How to fix this misunderstanding is what Big Data professionals will explain in this post.
The C-level executives are using data collected by their BI and analytics initiatives to make strategic decisions to offer the company a competitive advantage. The case gets worse if the data is inaccurate or incorrect. It’s because the big data helps the company to make big bets, and it impacts the direction and future together. Bad Data can yield inappropriate results and losses.
Some interesting facts and statistics about big data, data warehousing, and data quality-
- 90% of US companies are applying data quality solution today.
- The poor data quality brings loss of $8.2 million to average organization every year.
- About 32% of the data is inaccurate.
- 46% of companies see data quality as a barrier for adoption of BI products.
- About 40% of all business initiatives fail to achieve target benefits due to poor data quality.
What is the reason behind disconnection between the first point and next four points? If 90% of US companies are using some sort of data quality solution, why are several companies encountering bad data issues?
You must understand the data quality and data testing are two different terms.
Data Quality or DQ assists companies benefit from their client data by optimizing the data quality using distinct capabilities, such as-
- Enhanced data entry
- De-duplication
- Real time validation
- Key enrichment capabilities
- Single customer view
Data quality essence makes and keeps customer data –
- Complete
- Actual
- Correct
- Unique
What benefits can companies get with data quality?
- Enhanced customer interaction
- Maintained reputation in the market
- Reduced costs
- Compliant with rules and regulations
- Optimized processes
Data quality tools –
- Profiling – It is a process of analyzing data which is later used for capturing statistics or metadata
- Parsing and standardization – This involves decomposition of text fields into components, formatting based on business rules and standards.
- Generalized “cleansing” – This tool is used to modify data values to meet integrity constraints, domain restrictions, or other business rules.
- Monitoring – It involves controls deployment to ensure continuity of data to conform to business rules
- Matching – Recognizing, linking, or merging relevant entries within or across data sets
- Enrichment – This helps in enhancing the data value by appending consumer geography and demographics.
- Subject-area-specific support- this tool is used for standardization capabilities for certain or special data subject areas
- Configuration environment – It offers capabilities for developing, managing, and applying data quality standards and rules.
- Metadata management – The tool features ability to capture, reconcile, and correlate metadata that is relevant or used in quality process
Data testing is opposite to data quality. Data testing includes four things – Data completeness, data transformation, data quality, and regression testing.
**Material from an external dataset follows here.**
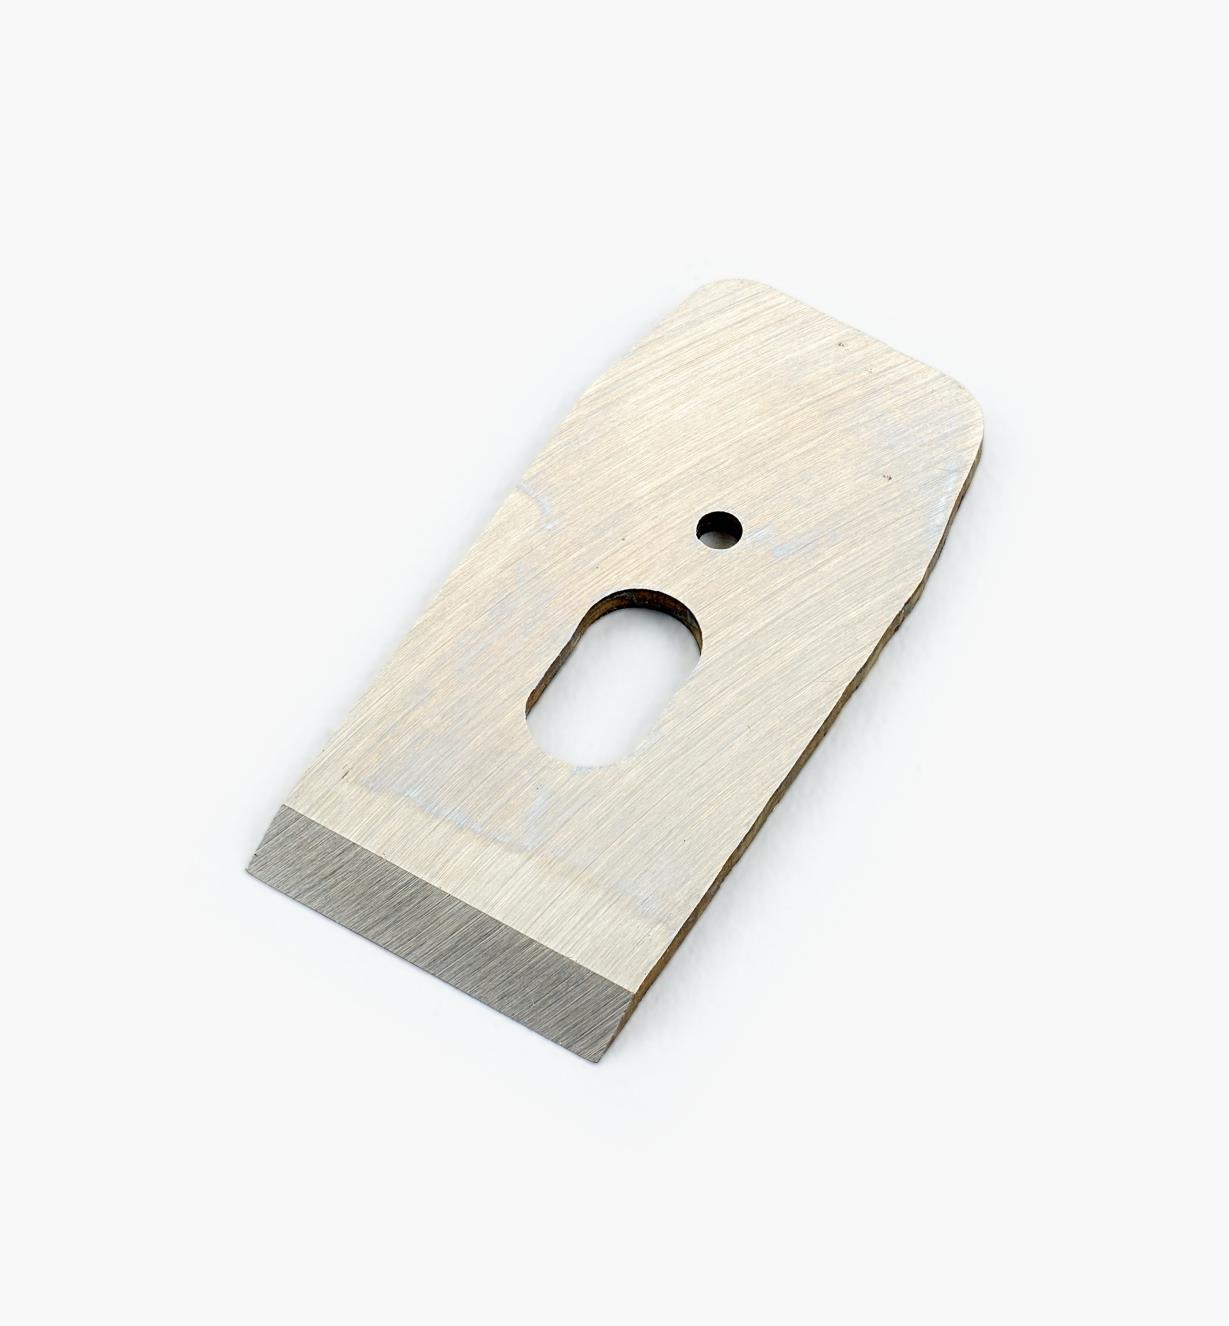 05P8227 - Lame de remplacement pour riflard à angle faible miniature Veritas

These four components are explained below-
Data Testing Methods
Many companies presently run data testing, data validation, and reconciliation processes due to their relevance. The thing that is making situation problematic is all of the enhancements made in the software space in Big data, databases, and data warehouses, the data testing process is still manual and loaded with risk of creating bulk bad data.
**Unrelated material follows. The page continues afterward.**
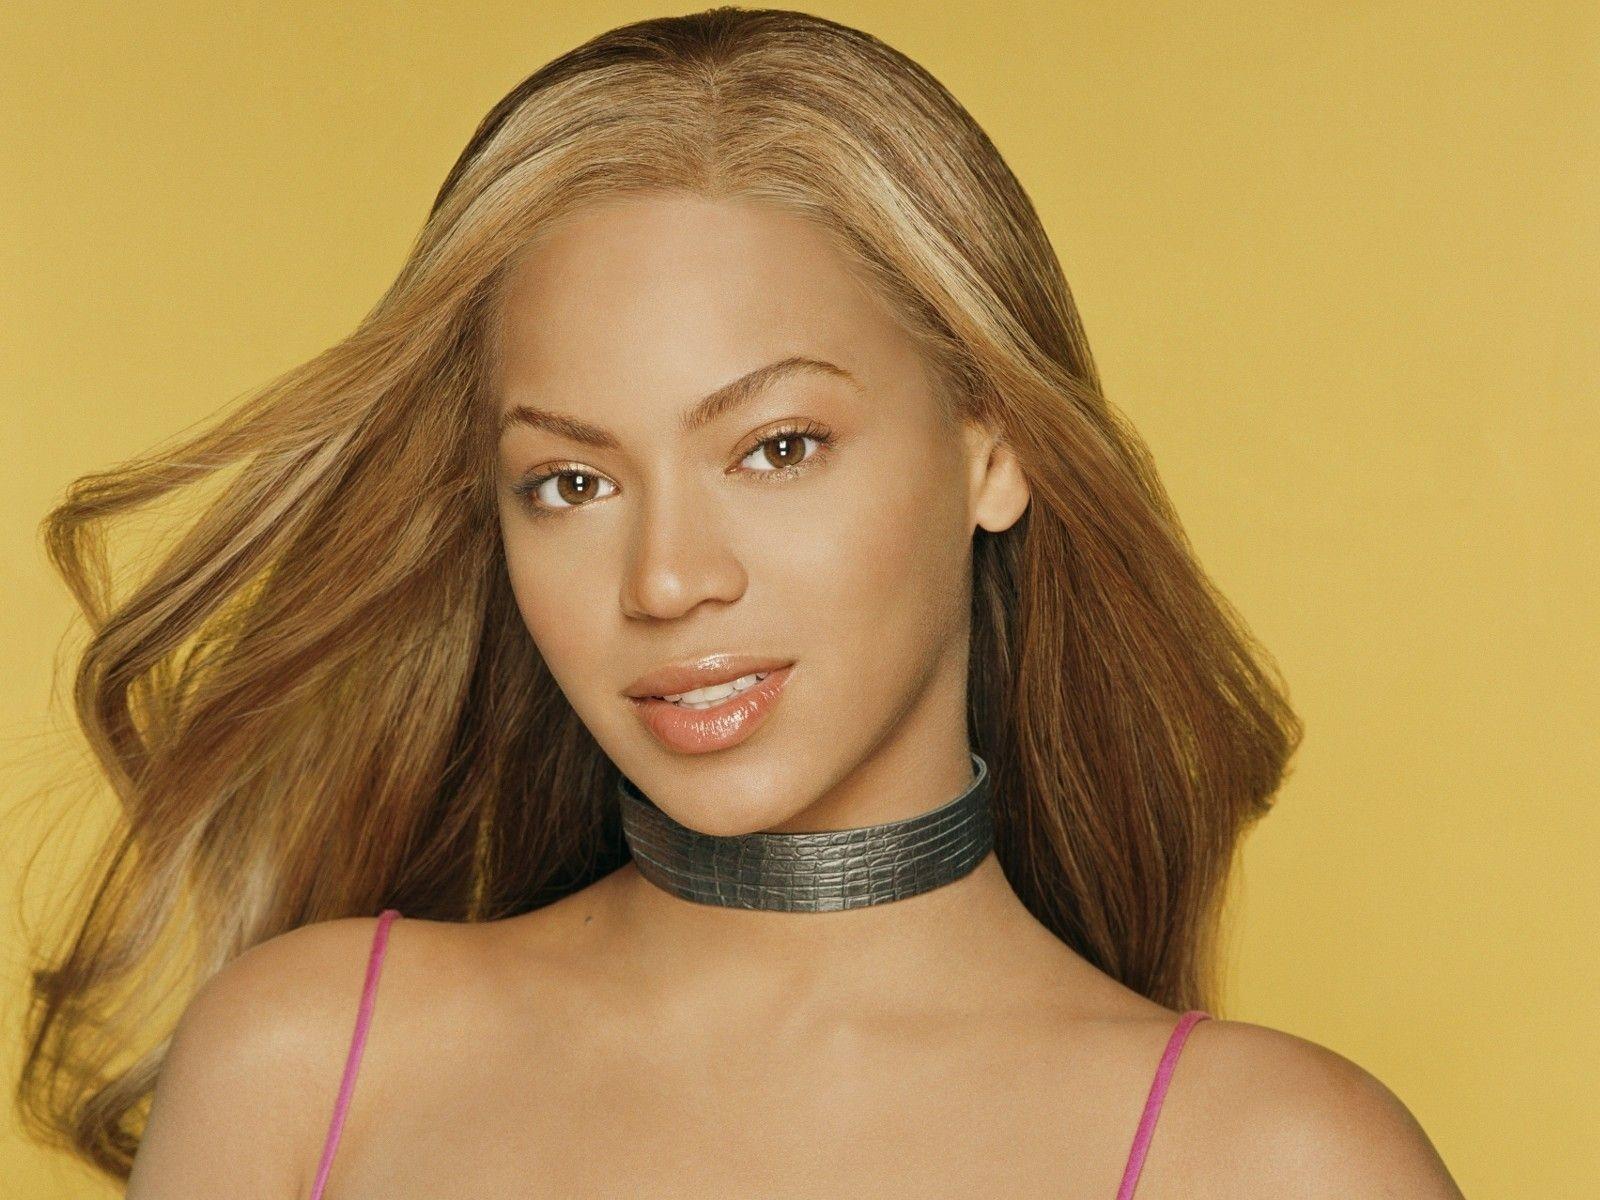 Wallpaper di Beyoncé Knowles 10

Experts use 2 most prevalent methods for data testing, i.e.-
- Sampling or Stare and Compare
- Minus Queries
In sampling method, the tester writes code in SQL to extract data from source data and DWH or Big Data store. Then he dumps the 2 result sets into Excel and tests them by viewing the results. As 1 test query can return as much as 40 billion data sets, and most teams have hundreds of these tests; the sampling method fails to validate more than a fraction of 1% of data. This implies that companies cannot count this method as a perfect solution to determine data errors.
In MINUS method, tester queries the source data and target data and minus the 1st result set from the 2nd one to find the set difference. No difference means no result set remains. Tester re-perform the MINUS method, subtracts the 2nd set from the 1st. This has its value; however, the test results may not be precise when there are duplicate rows. Moreover, tester cannot produce historical data and reports using MINUS method and this is a real concern for audit and regulatory reviews.
What can be done? What is the solution?
Big Data service offerings professionals and software vendors are thinking about automated data testing. These testing solutions can be used by companies for automating data testing and saving time. This will help the company management to yield enhanced data quality, lower data costs and bad data risks, significant ROI, and less sharing of data health information.